Dataset extract Block Start

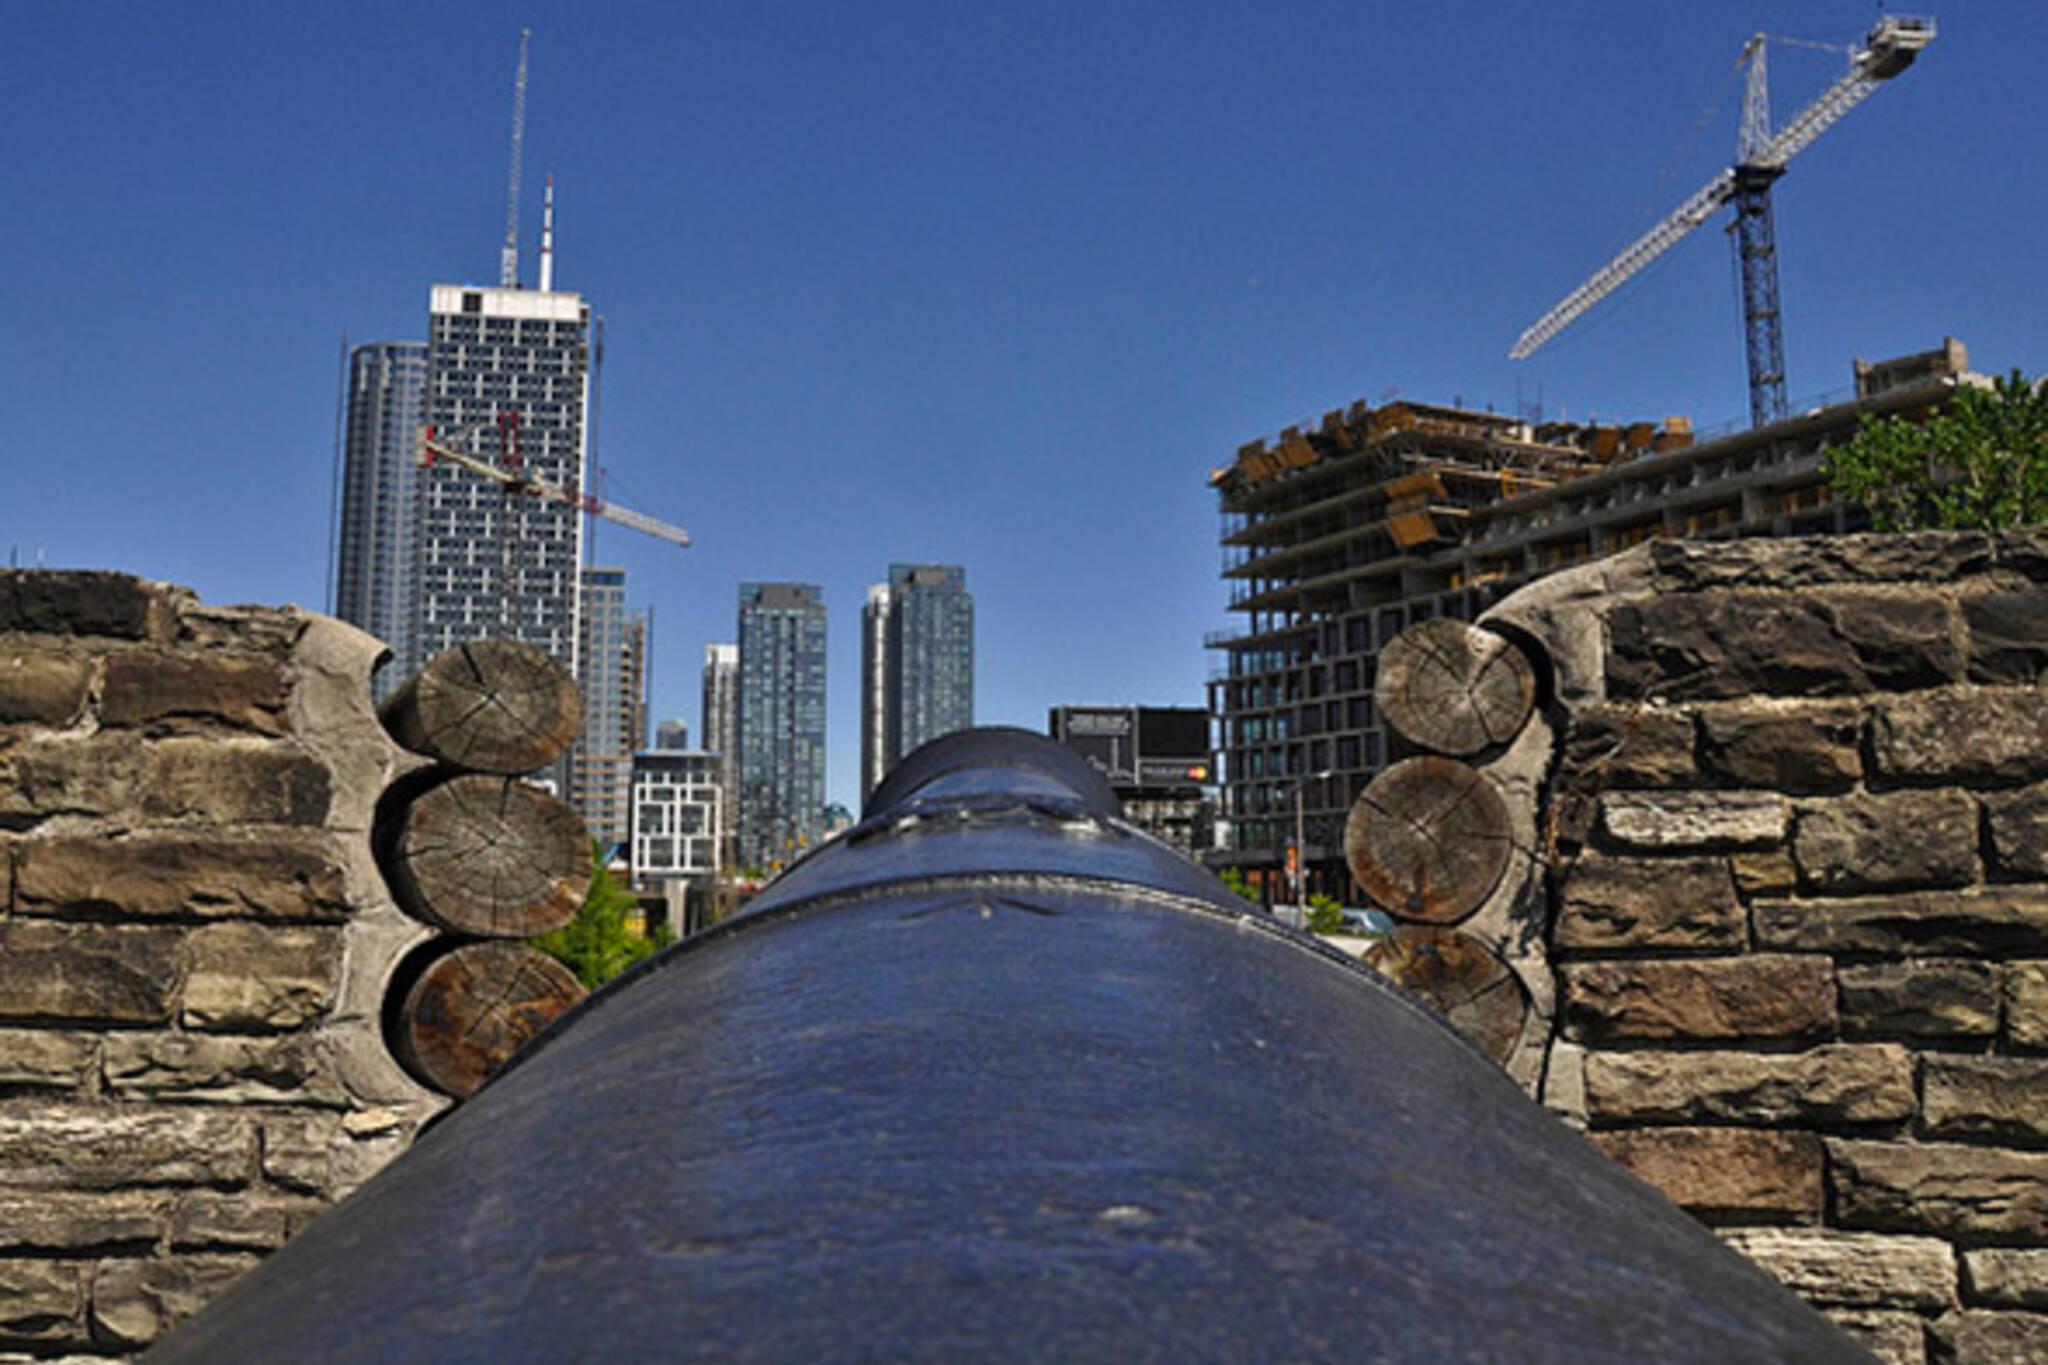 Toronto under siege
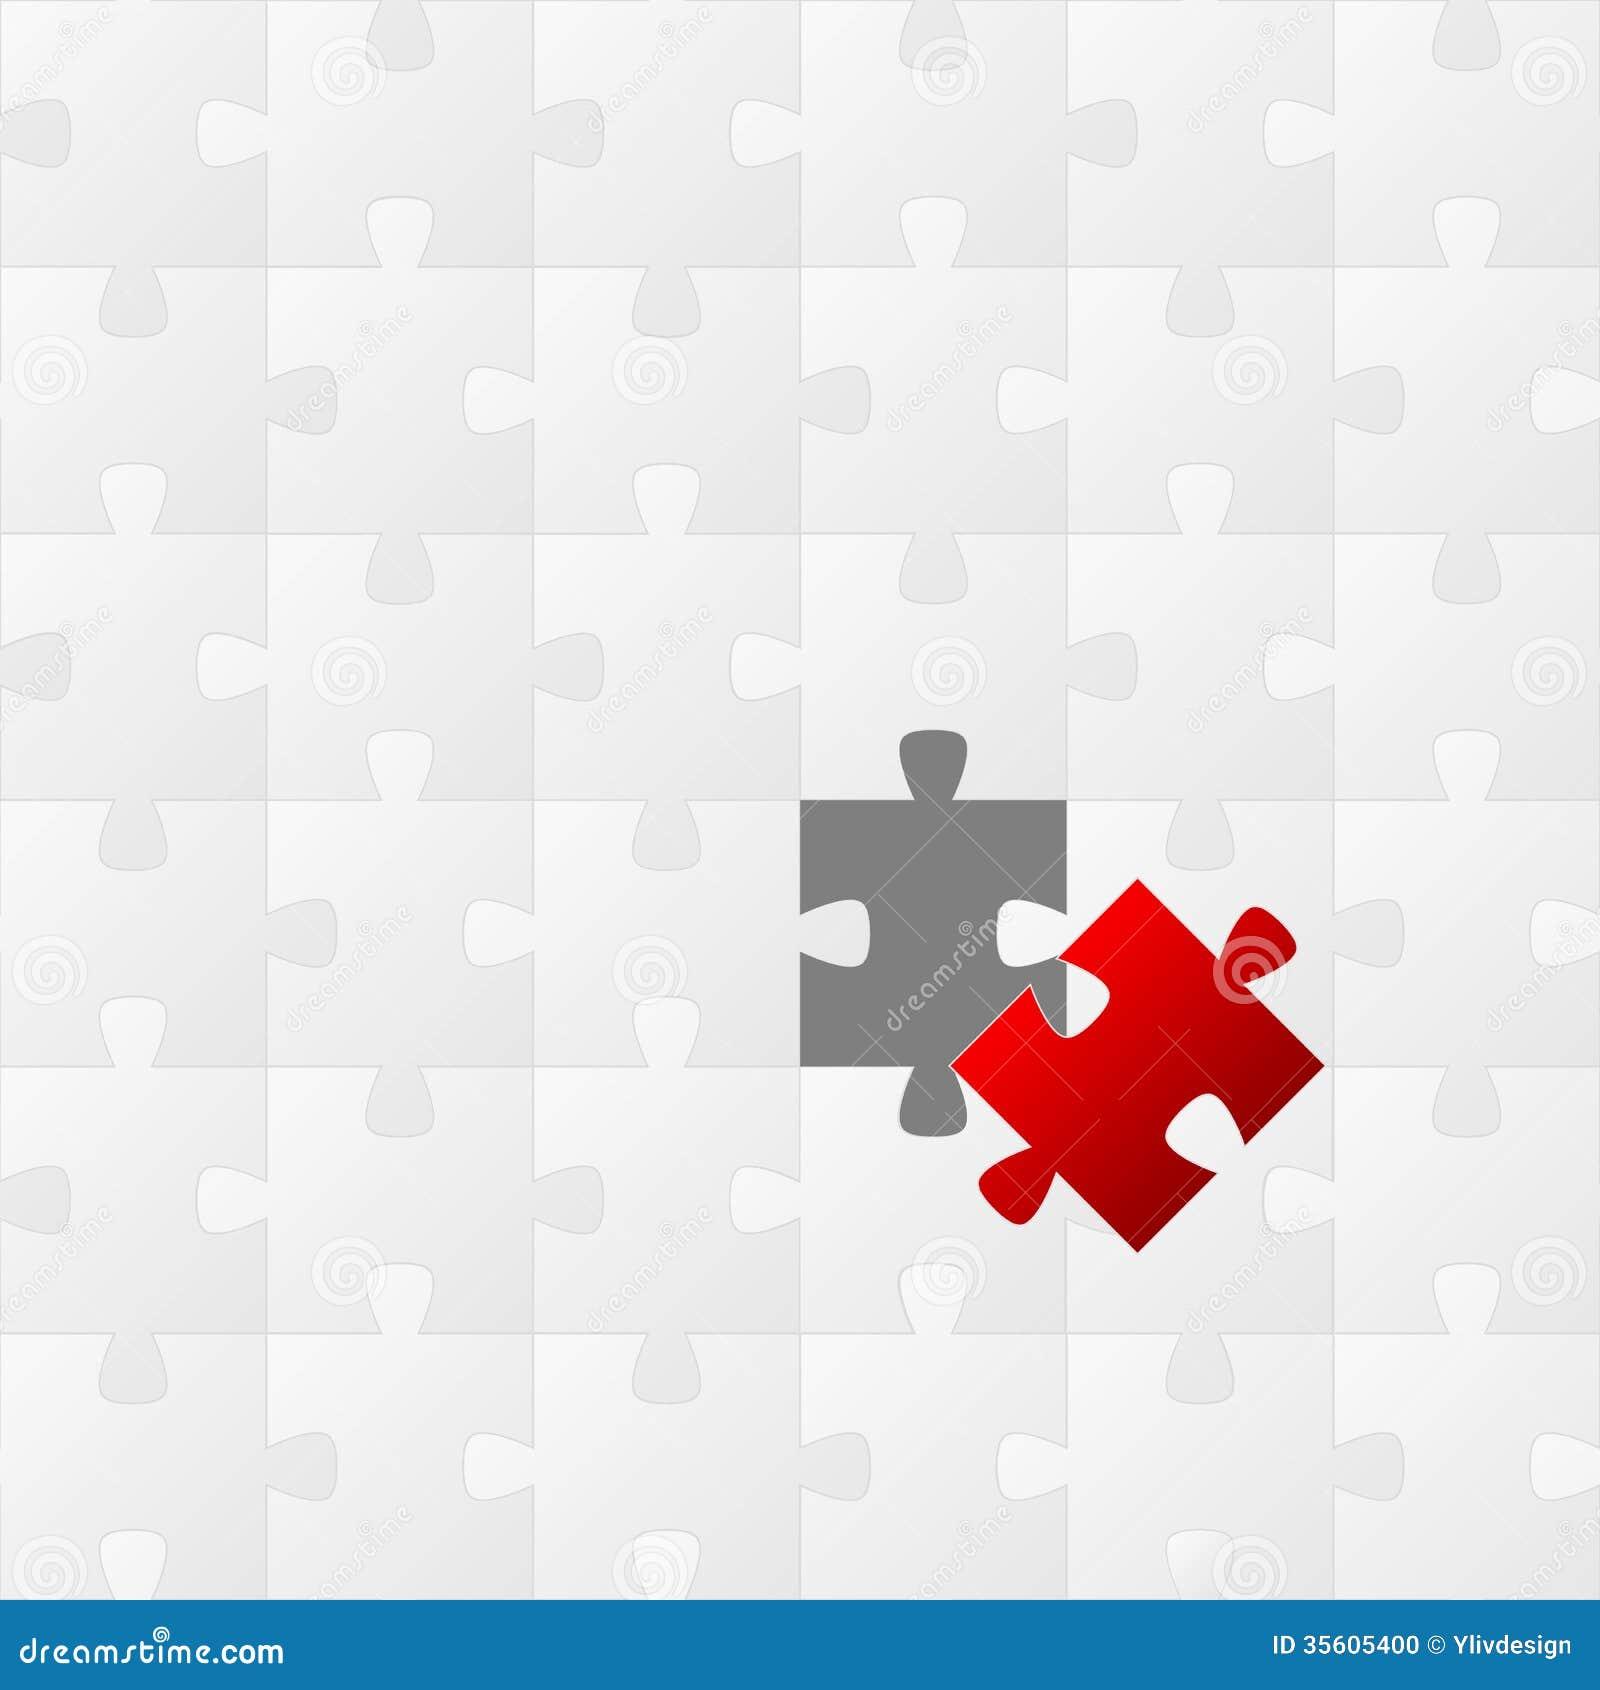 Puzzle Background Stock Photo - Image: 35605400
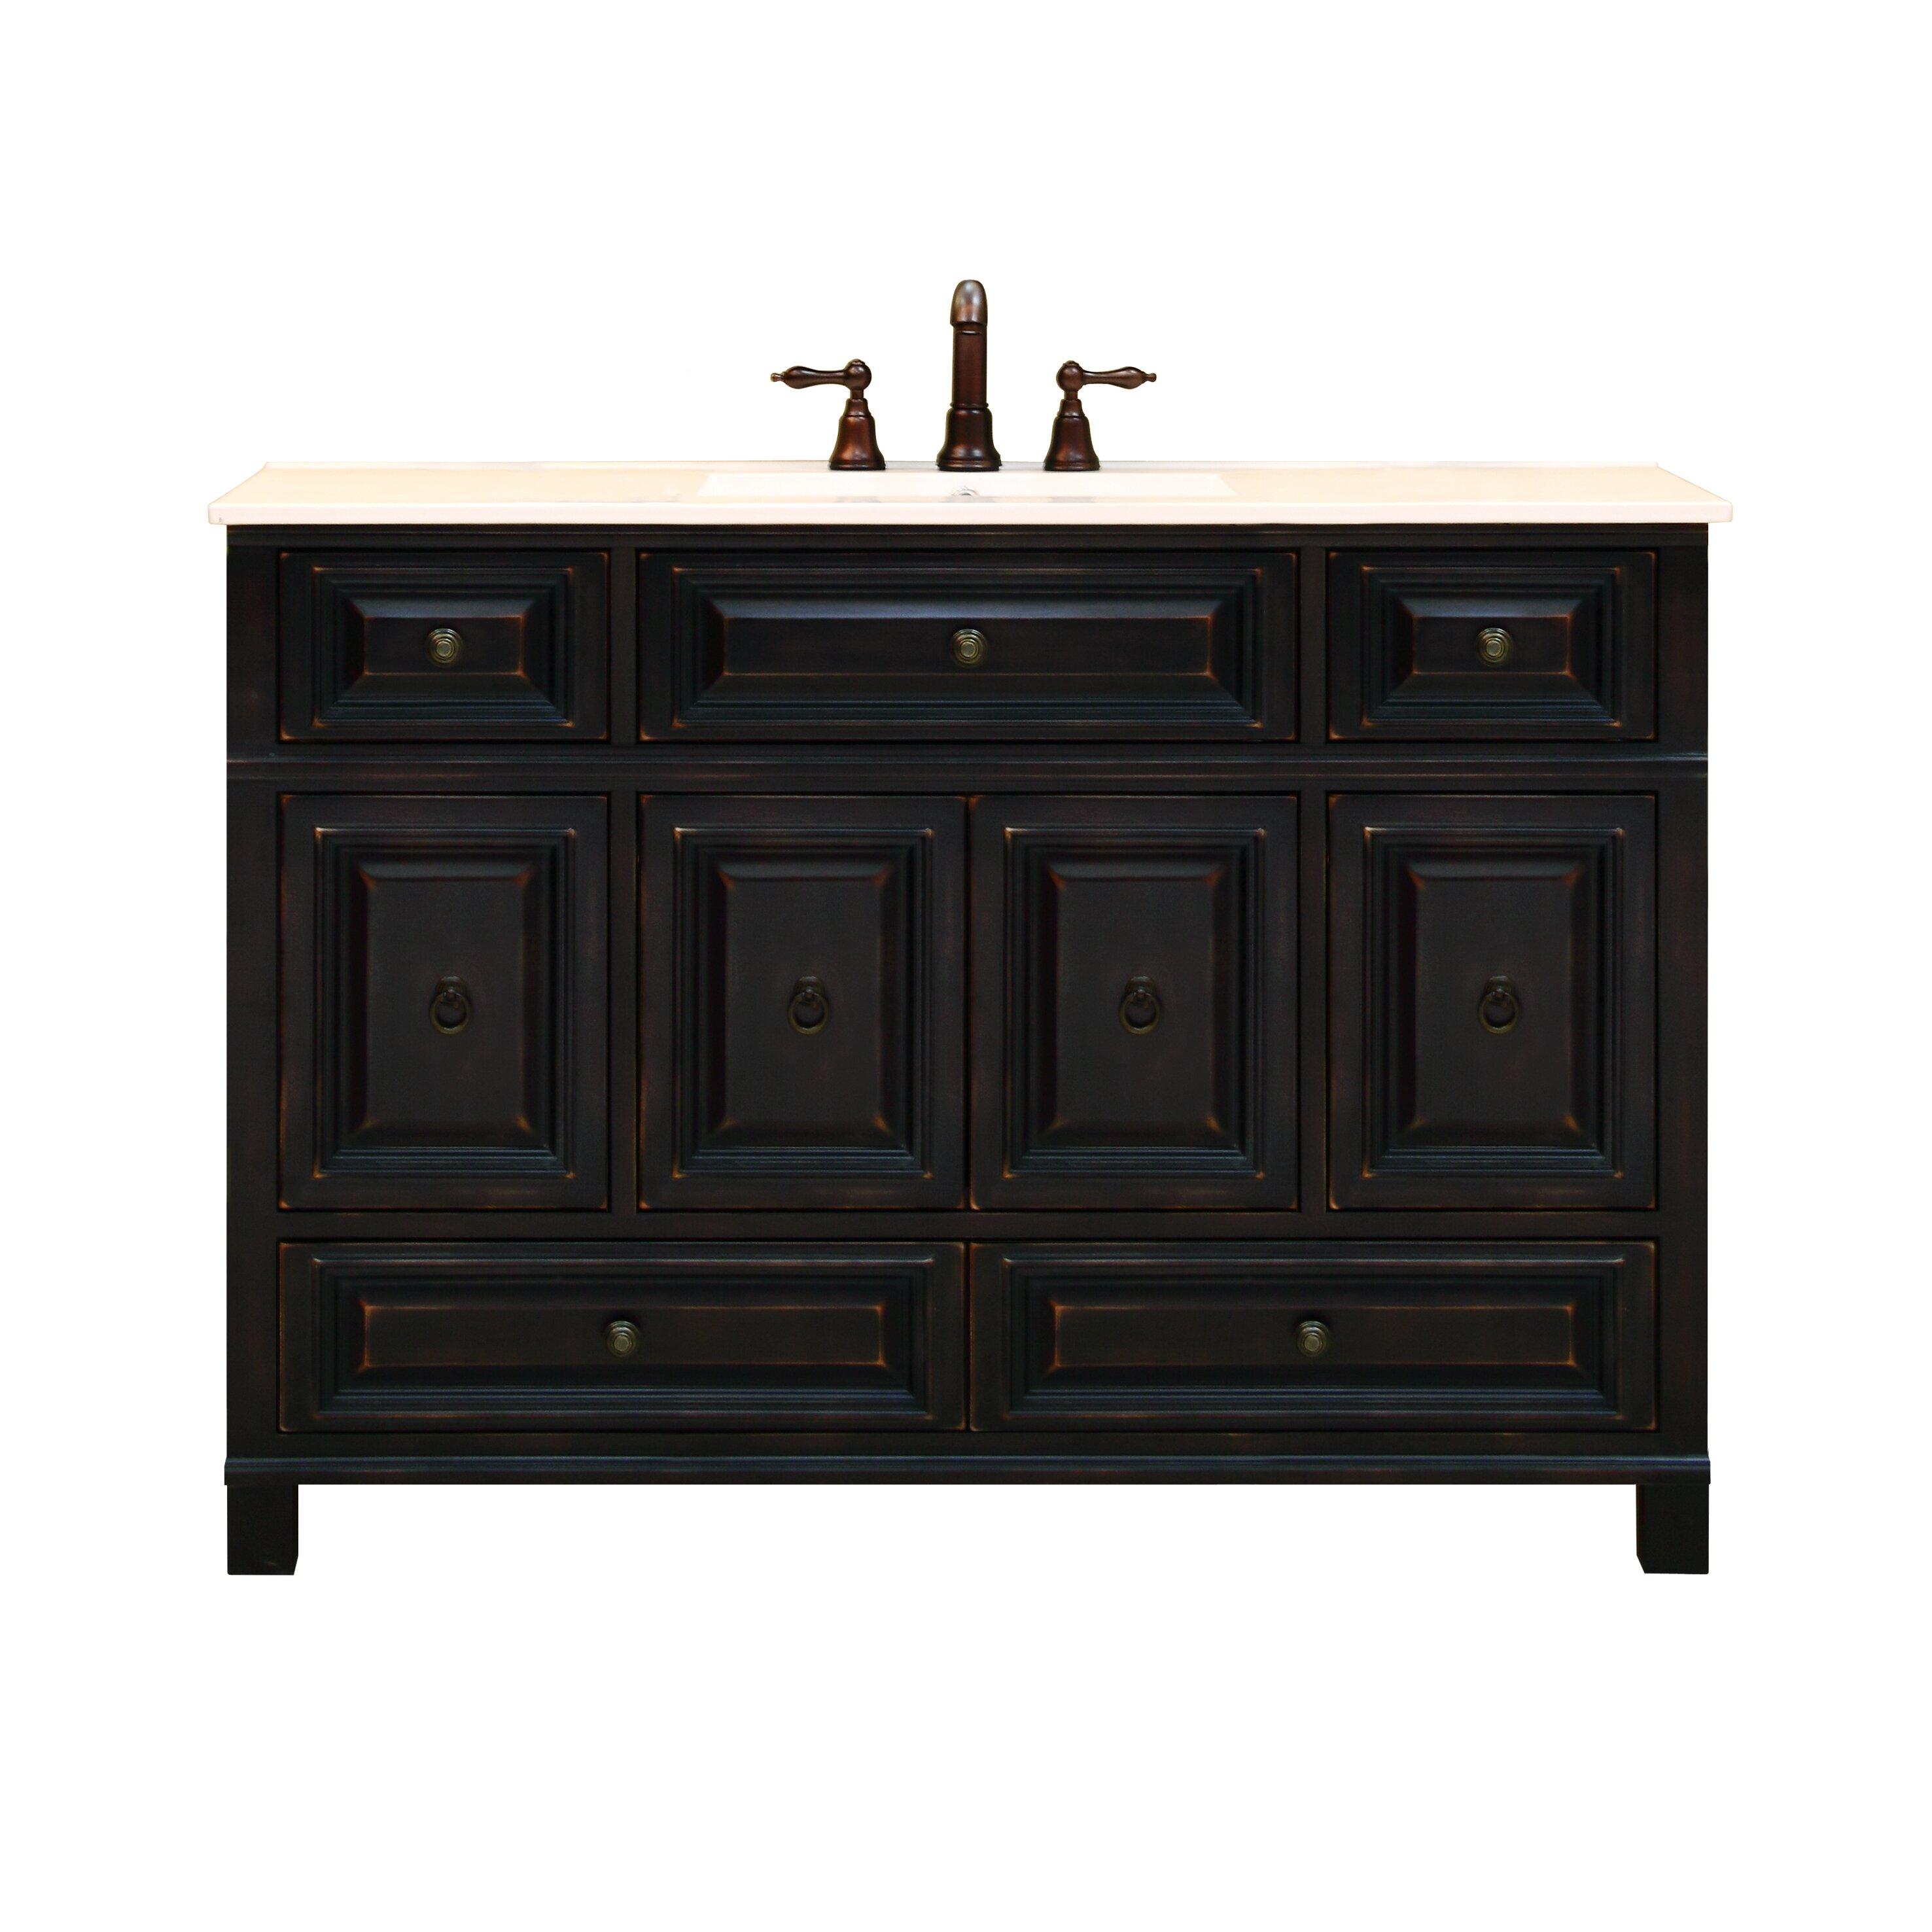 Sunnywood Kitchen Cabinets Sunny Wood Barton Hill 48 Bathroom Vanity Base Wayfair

Dataset extract Block End

## Problem:
What you return should be the whole listing, word for word, without its pictures.

## Answer for the task:
 Toronto under siege
 Puzzle Background Stock Photo - Image: 35605400
 Sunnywood Kitchen Cabinets Sunny Wood Barton Hill 48 Bathroom Vanity Base Wayfair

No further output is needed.